The ggplot2
package in R includes a dataset called diamonds
. The dataset can be accessed by loading ggplot2
like this:
library(ggplot2)
I'm using the boot
package to calculate a 95% confidence interval for the mean of the table
variable. The table
variable has 53,940 observations, and therefore when I tried to use 10,000 bootstrap replicates R crashed:
library(boot)
boot_diamonds_10000 <- boot(diamonds,function(data,indices) mean(data[indices,]$table), R=10000)
I then tried using 1000, 100 and 10 bootstrap replicates like as below. The 1000 and 100 replicates are still slow function calls, but 10 replicates is faster:
boot_diamonds_1000 <- boot(diamonds,function(data,indices) mean(data[indices,]$table), R=1000)

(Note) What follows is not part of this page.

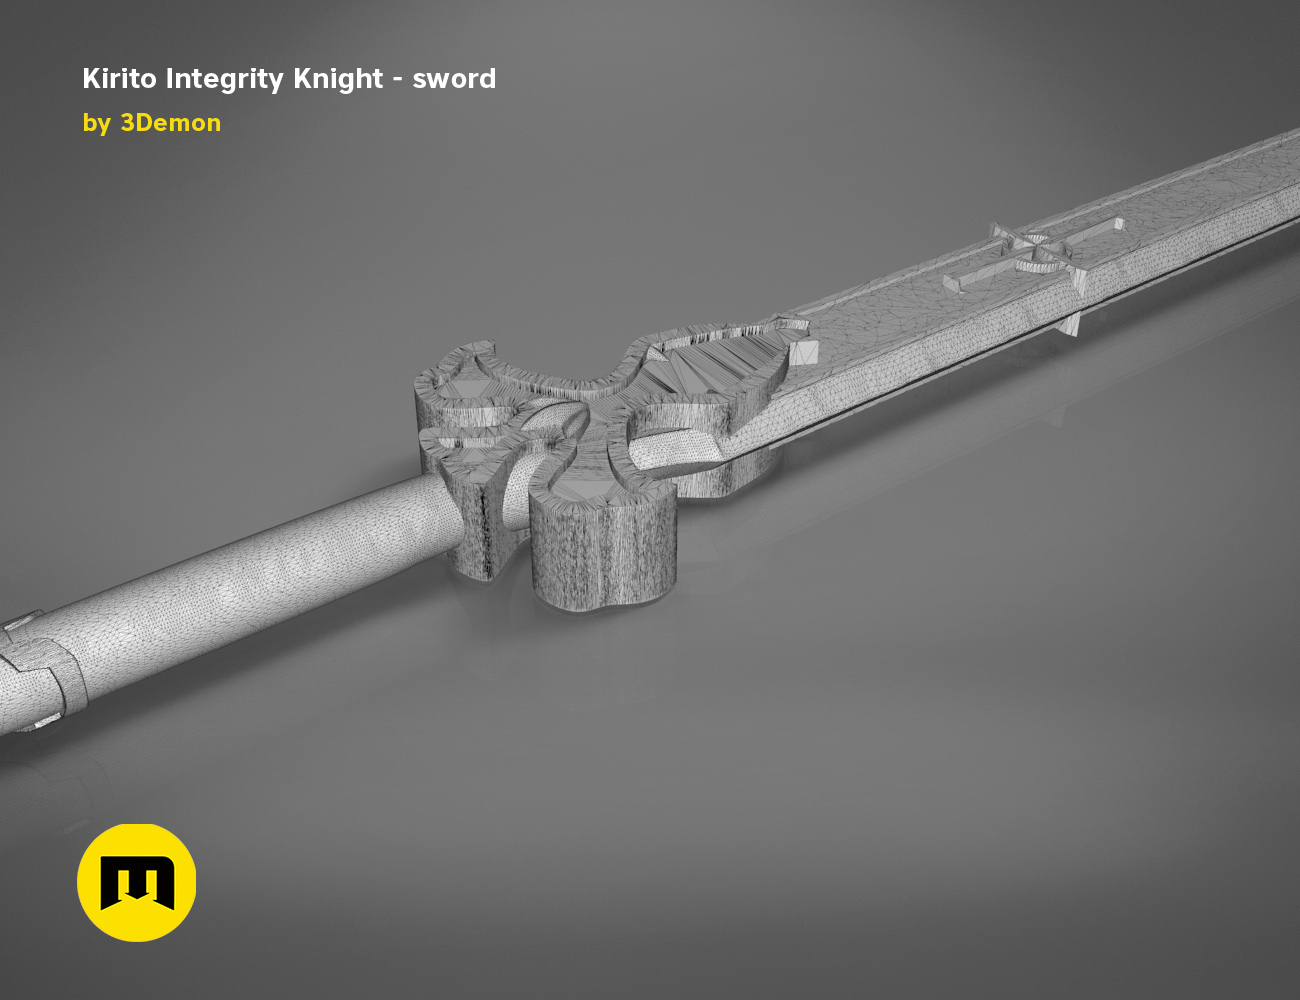 render_scene_Integrity-knight-sword-mesh.20 kopie.jpg Download STL file Kirito's Sword - Integrity Knight • 3D print model, 3D-mon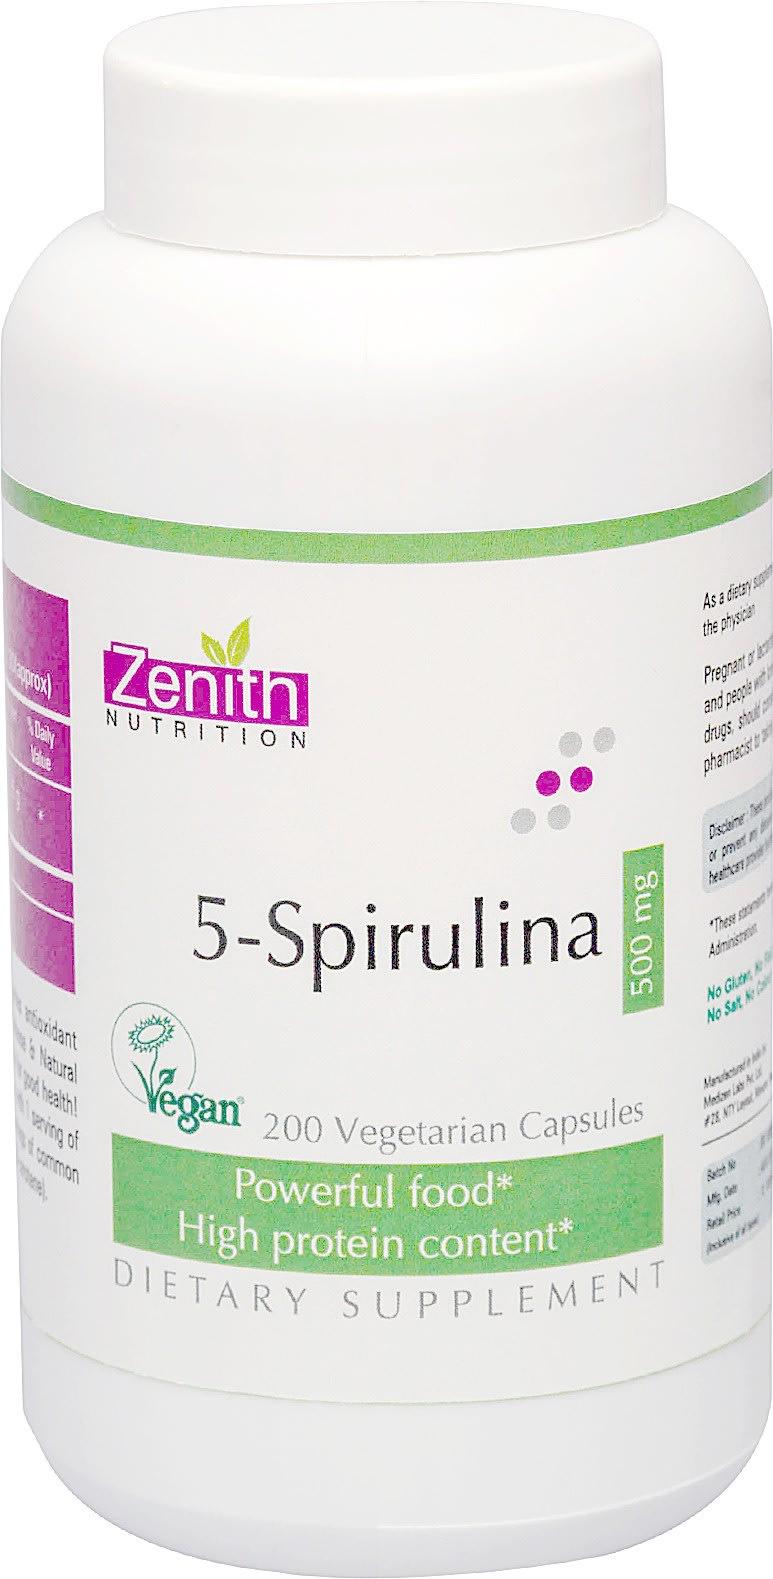 Zenith Nutrition  5-Spirulina 500mg Capsule

boot_diamonds_100 <- boot(diamonds,function(data,indices) mean(data[indices,]$table), R=100)
boot_diamonds_10 <- boot(diamonds,function(data,indices) mean(data[indices,]$table), R=10)
These all give pretty much the same 95% confidence intervals:
quantile(boot_diamonds_1000$t, c(0.025,0.975))
# 2.5% 97.5%
# 57.43890 57.47682
quantile(boot_diamonds_100$t, c(0.025,0.975))
# 2.5% 97.5%
# 57.43638 57.47438
quantile(boot_diamonds_10$t, c(0.025,0.975))
# 2.5% 97.5%
# 57.44636 57.46841
To avoid crashing R or waiting for slow functions calls, is it reasonable to use 10 bootstrap replicates when the sample size (53,940) is so high?